Cover art for Symbolism in Greek Mythology first French edition

Diel was born in Vienna, Austria, on 11 July 1893, to a teacher of German origin and an unknown man. He was orphaned at the age of 13 after spending 8 years in a religious orphanage, but was able to obtain his baccalauréat with the support of a benefactor. Diel did not pursue formal higher education, but instead became an actor, novelist, and poet before teaching himself philosophy. Inspired by the philosophers Plato, Kant and Spinoza, and also by the psychologists Freud, Adler and Jung, he delved into his own psychological research and established the basis of the introspective analysis method that helped him develop his theories of the psychology of motivation.

Diel practiced psychotherapy at the central hospital of Vienna, and in 1935 he sent his work on introspective analysis to Albert Einstein. Einstein greatly appreciated Diel's work and they established a correspondence that did not end until Einstein's death in 1955.

In 1938, after the Nazi German Anschluss of Austria, Diel escaped to France and worked at the Sainte-Anne psychiatric hospital in Paris.
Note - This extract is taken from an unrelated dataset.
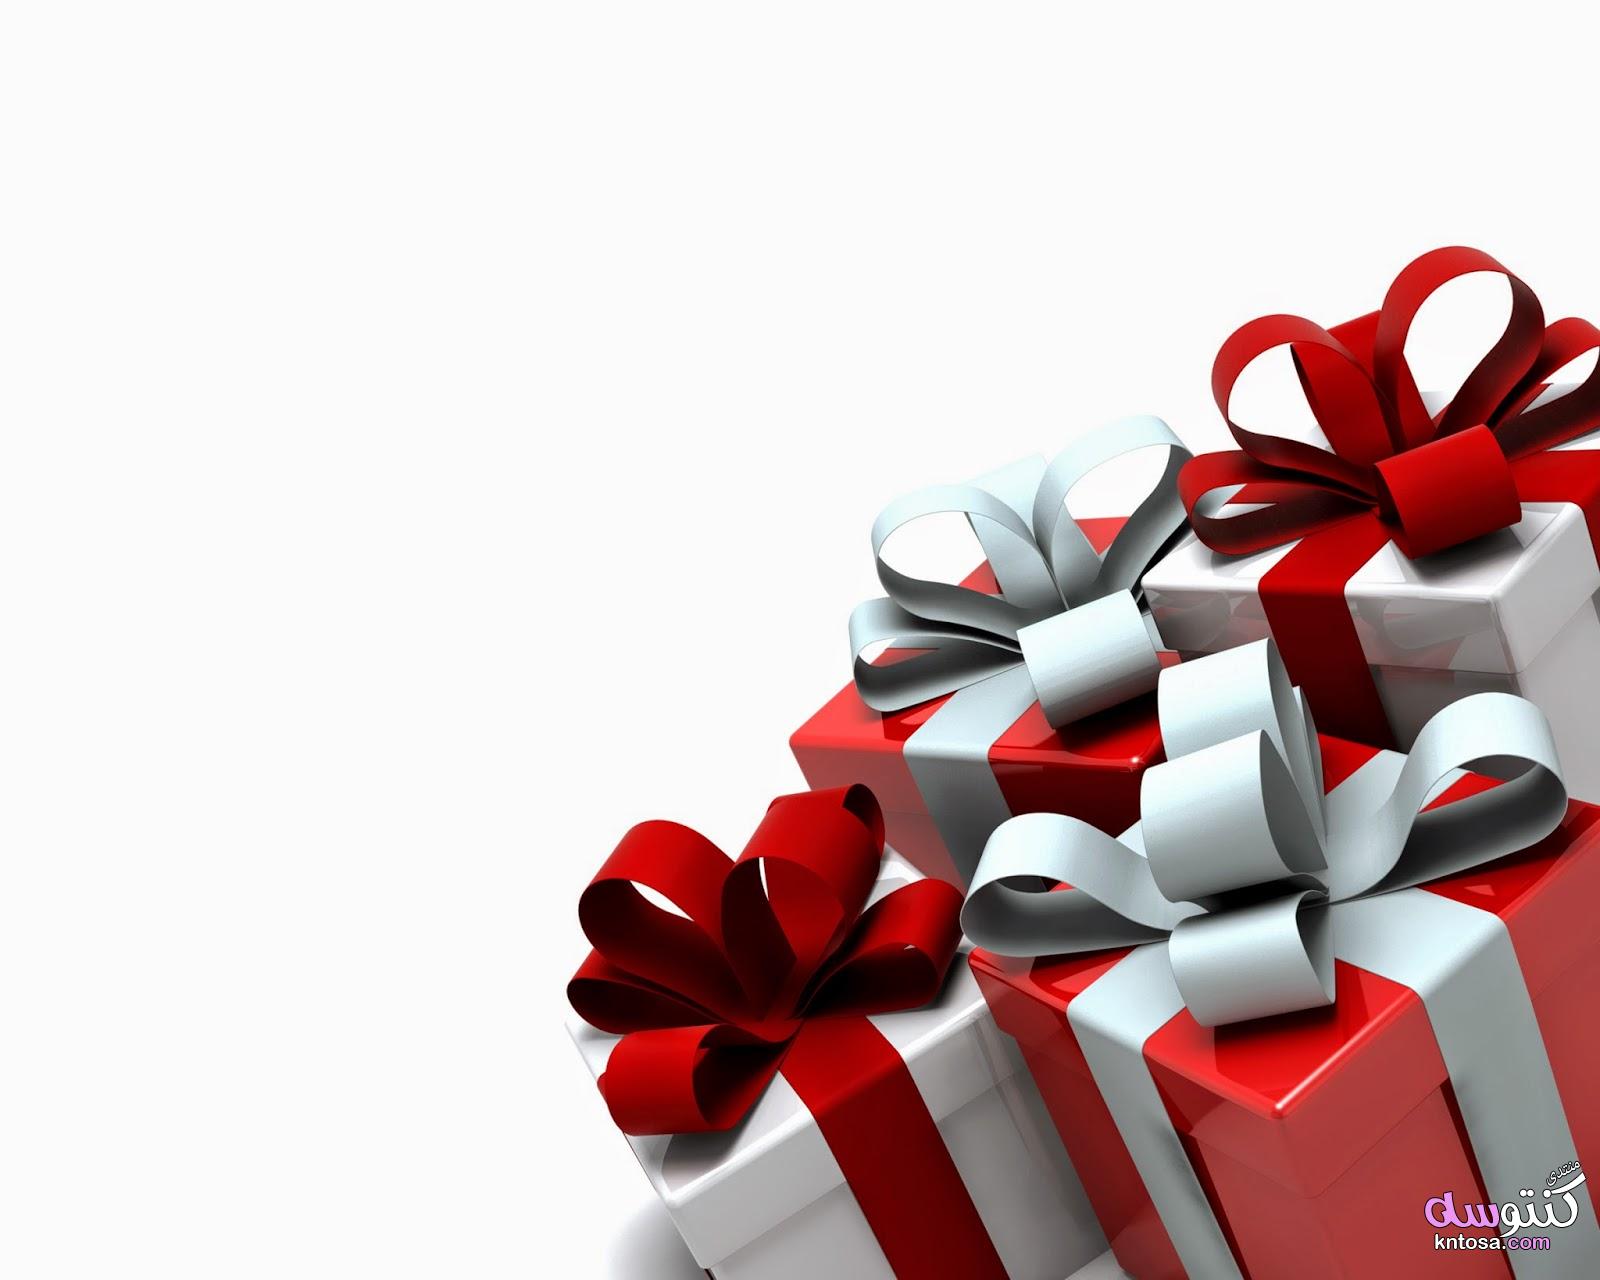 صور هدايا الكريسماس 2019,صور علب هدايا للكريسماس,افكار تقديم الهدايافى الكريسماس,صور هدايا رأس السنه kntosa.com_24_18_154
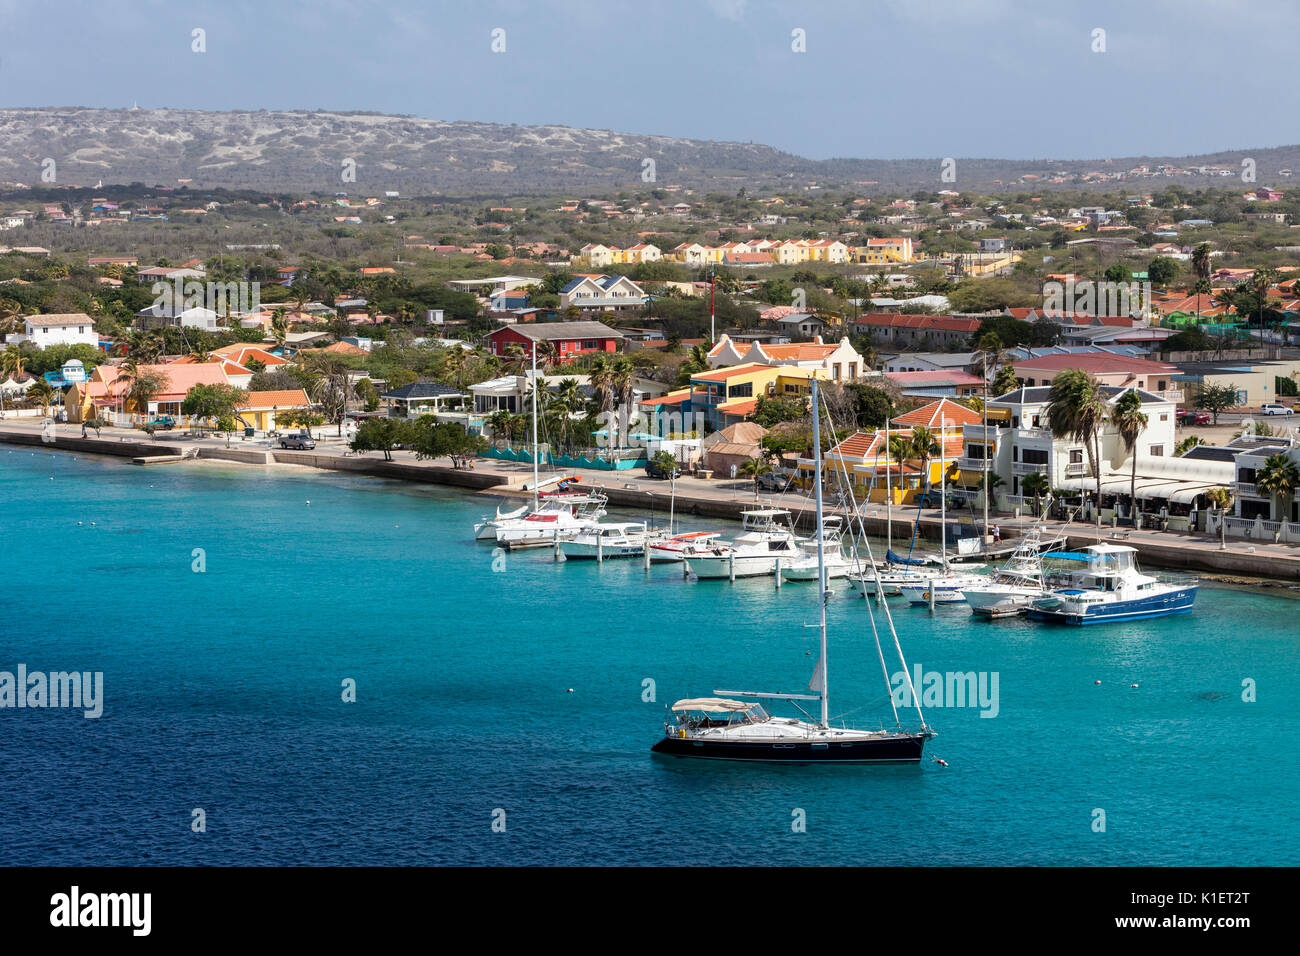 Kralendijk, Bonaire, Antille sottovento. Foto Stock

Unfortunately, because he was a foreign national, he became imprisoned in the Gurs internment camp in southern France during World War II. After his release, he was able to join CNRS in 1945 with the backing of Einstein and Irène Joliot-Curie. At CNRS he worked as a children's psychotherapist in Henri Wallon's laboratory.

Diel continued working as a researcher and psychotherapist and had trained a group of students and published books on various subjects like education, symbolism and evolution when he died of cancer in Paris on 5 January 1972.